As I said before, I find campaigns have treands to them. Another example was that the DM had a campaign where nothing much was critable. It had lots of undead varients at us from any random source he ever saw. One of the characters had a mercural great sword (it has a hollow in the center full of mercury and it increases the weapon's momentum)... which required an exotic weapon profieceny to use... you also had to get lucky to find one. it did 2d8 damage (later books labeled it as 2d6) and 4x crits, but only on a 20 did it have a critical risk. We had the party's main tank with that thing (and a magicly raised to 20 strength). Creatures that you could crit got rare enough that the player would ask if any new thing was critable (this included some of the undead)... if it was that sword would critical hit. It was not enchanted, but with its hunger for crits it was almost an deranged ego weapon. One time we ran into something stupidly above (8-10 levels) the party's levels and it got to buff itself full on before attacking. It knew it had us. Woe betide it, it was critable and having over a hundred HP survived the first crit. The DM praised the dice gods it couldn't risk death from massive damage... then it wiffed on its attack that round.
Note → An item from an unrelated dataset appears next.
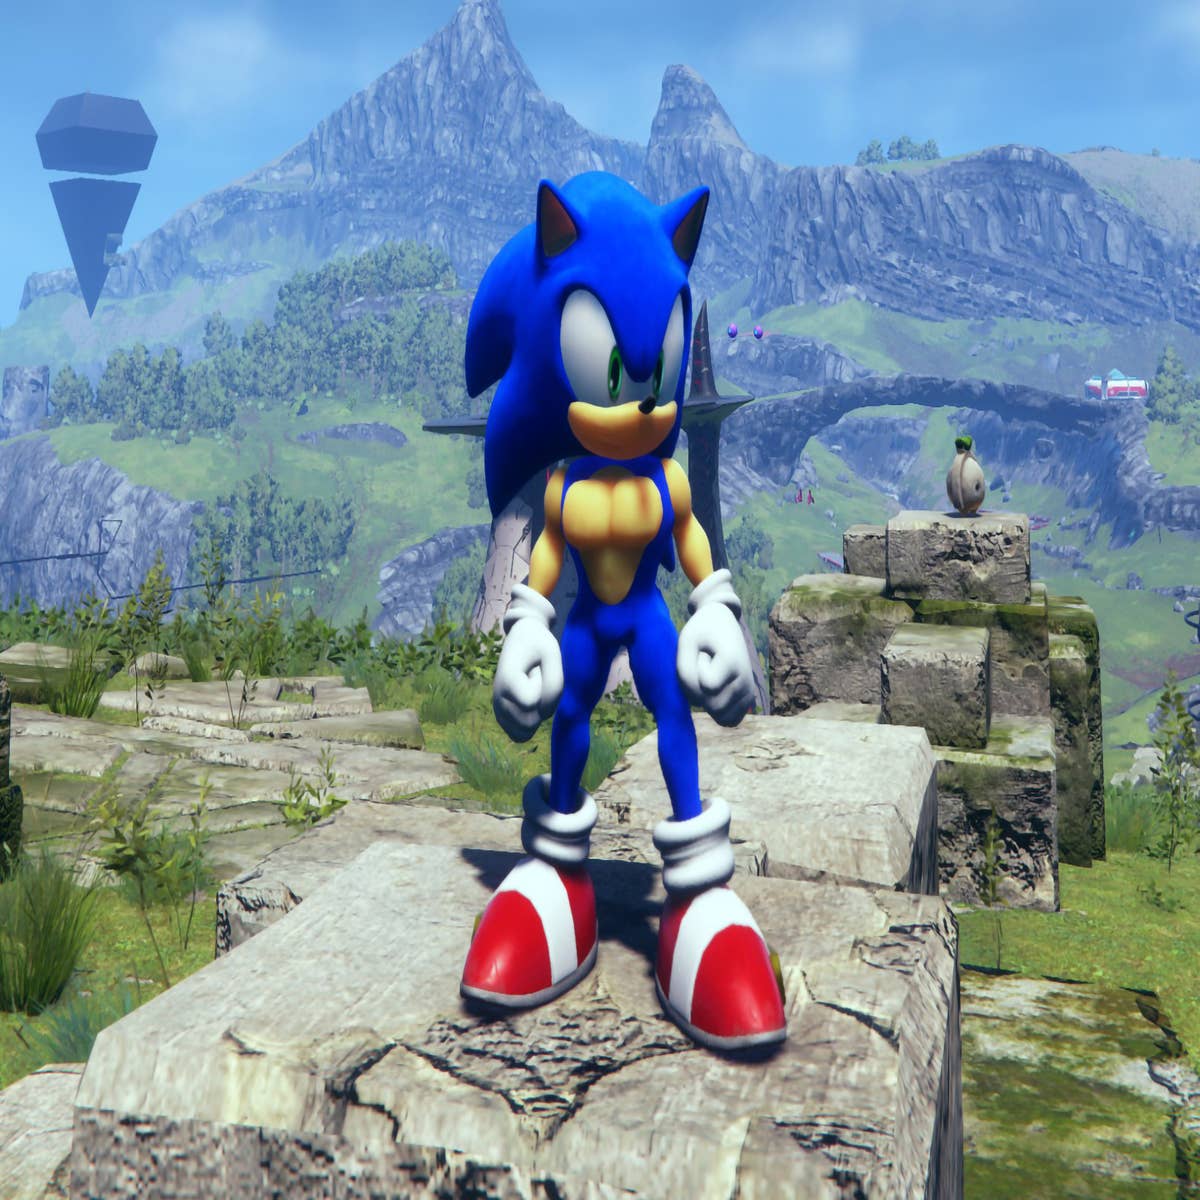 Sonic Frontiers Hedgehog May Cry Mod Tweaks Combat and Physics

The sword critted a second time... and the DM started laughing (hands in the air gazing at the ceiling) about why we would ever fear it. Granted it was a large war party of 12 or 14 of us, so we could have taken it with losses, but the sword's critical hunger must be fed.
--
Slayers is inspired by not a hard rules variant of DnD. Other things (it was a parody of high fantasy in general) are involved, but the feel of it is epic level, player characters doing stuff. This included the DM fudging the rules for the sake of the campaign. Take, for instance, in Try the point when Lina responded to immune to everything, wall of plot armor Dark Star and Lina goes screw it and decides its Giga Slave time. I can just see a different DM with the group running TRY... at that moment Lina starts casting asks to see the what spell she is casting... Realizes that its not the Slayers section of the staff that is in danger of oblivian, but his own personal section of the staff.... Almayce is opening channeling the DM's reaction as he is reading said spell and realizing his entire campaign's railroad is about about to drive over the Yellowstone Caldera as it spontaniously erupts.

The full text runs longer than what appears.